С.-Петербург
Почтеннейший Михаил Ники<форович>!
Пишу к вам по поручению к<нязя> А. М. Горчакова. — Князь жел<ает> очень, чтобы вы — в этом водовороте всевозможных и не<воз>можных сплетней, толков и лжей,
вы — как лучший представител<ь> русской гласности — знали с<амым> достоверным, самым полож<итель>ным образом о настоящ<ем> ходе и состоянии дел.
Все показания князя з<аклю>чаются в следующих тр<ех> пунктах:
1) Ни в Киссингене, ни <в Берлине> <пр>и всех совещаниях с <ин>остранными министрами и <го>сударями не было ни предложено, <н>и принято нами никаких
обязательств, ни изустных, ни письменных, по какому бы <то> вопросу ни было, так что князь возвратился из-за границы, <у>держав за собою те же самые
<у>словия полнейшей самостоятель<нос>ти и неограниченной свободы <дей>ствия, с какими он туда <от>правился.

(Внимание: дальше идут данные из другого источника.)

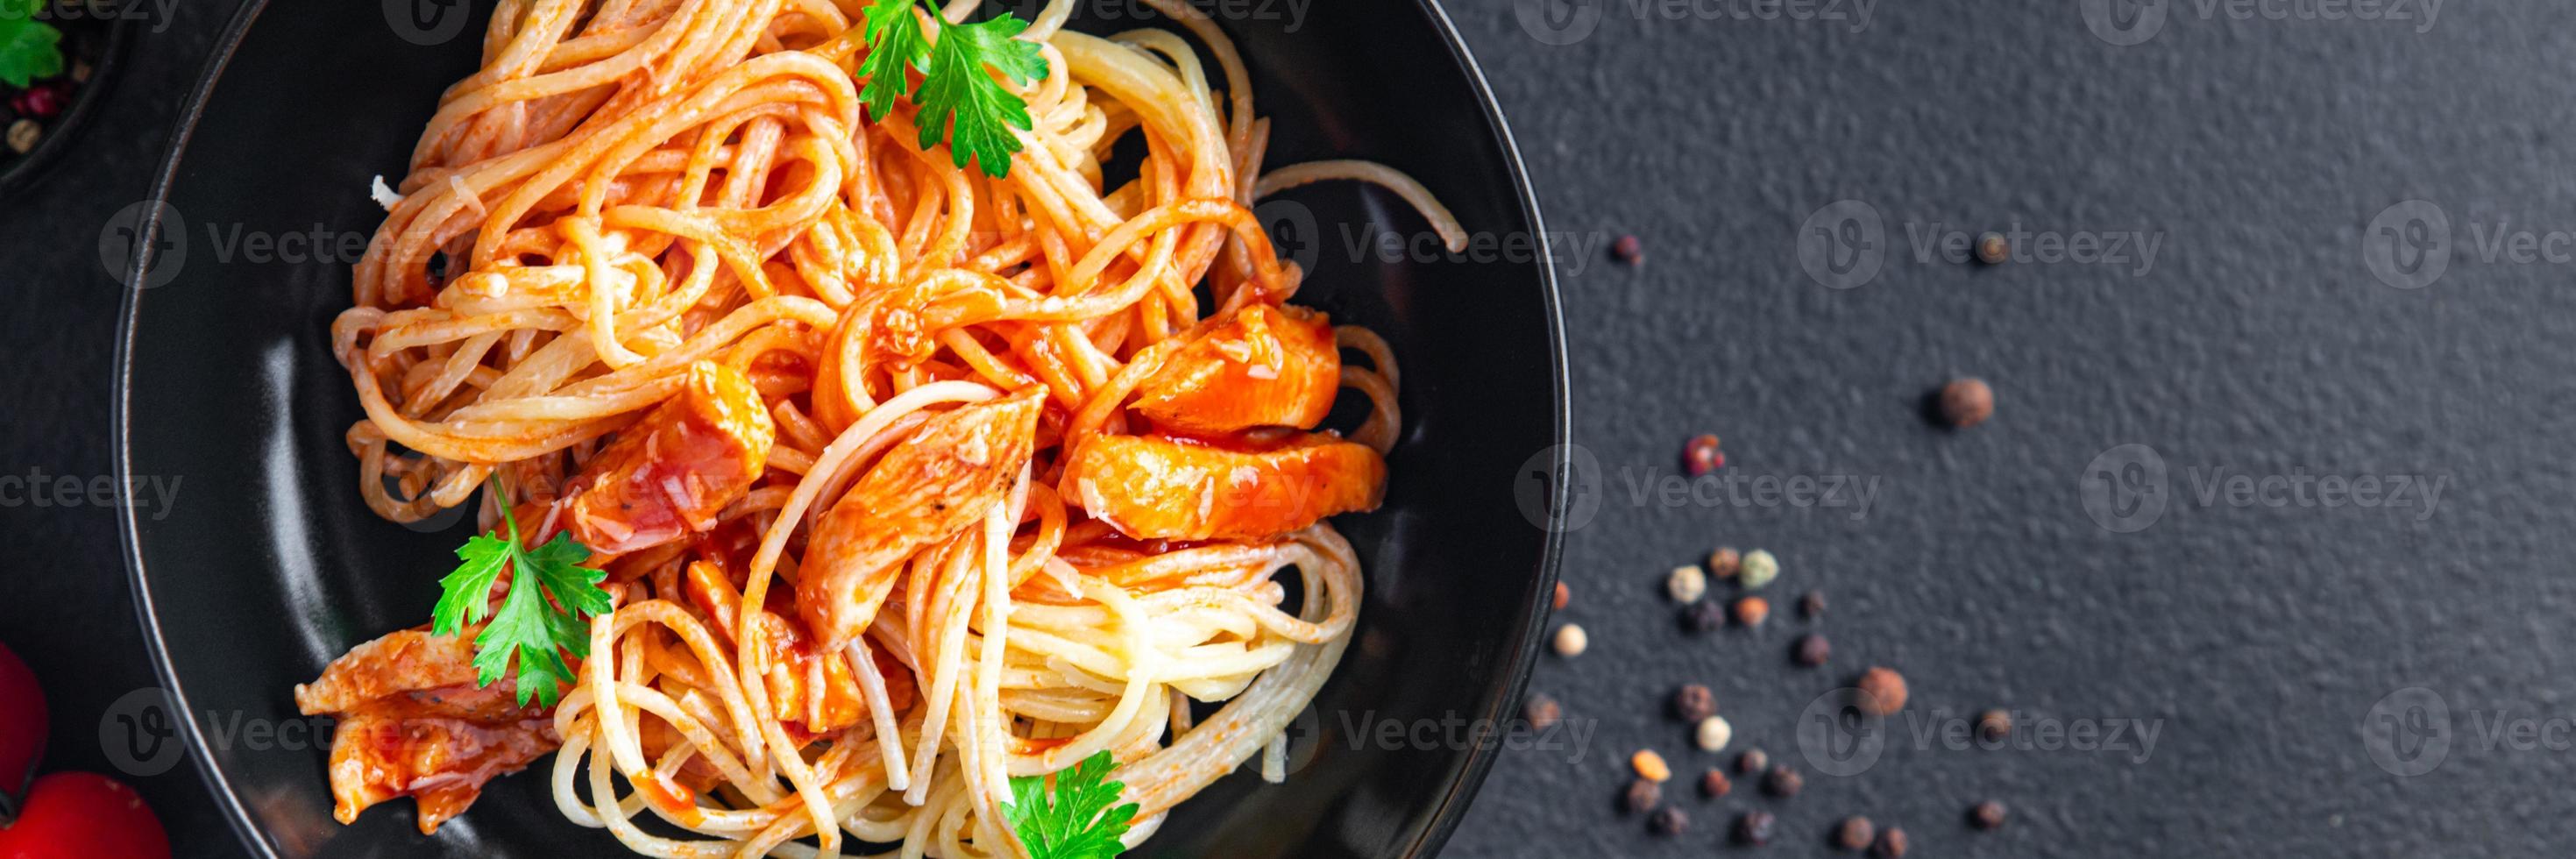 Pasta Spaghetti Tomatensauce Hühnerfleisch oder Pute gesund foto

2) О польском вопросе не <было> речи. — Князь просит вас принять это удост<оверение> в самом буквальном с<мысле> слова: Le nom de la Pologne n’a pas
êtê prononcé.
3) Князь остается верен свое<му> взгляду, а именно, что настоящ<ая> политика России — не за грани<цею>, а внутри ее самой: т. е. в ее последовательном,
безостанов<очном> развитии — и потому считает своею первою обязанностию не путать ее ни в как<ие> внешние, посторонние вопрос<ы>, чтобы как-нибудь чр<ез
это> не повредить правильно<му> решению ее настоящего <вопроса>, т. е. внутреннего.
Вот что поручено мне было <ва>м передать уже несколько <дн>ей тому назад, но я все это <в>ремя жил и живу в такой <м>учительной, невыносимой, ду<ш>евной
тревоге, что вы, конечно, простите мне это невольное <про>медление.
Мое усерднейшее почтение <ми>лой Софье Петровне.
Вам душевно преданный
Ф. Тютчев
P. S. От А. И. Георгиевского сей<час> получил письмо — благодарю.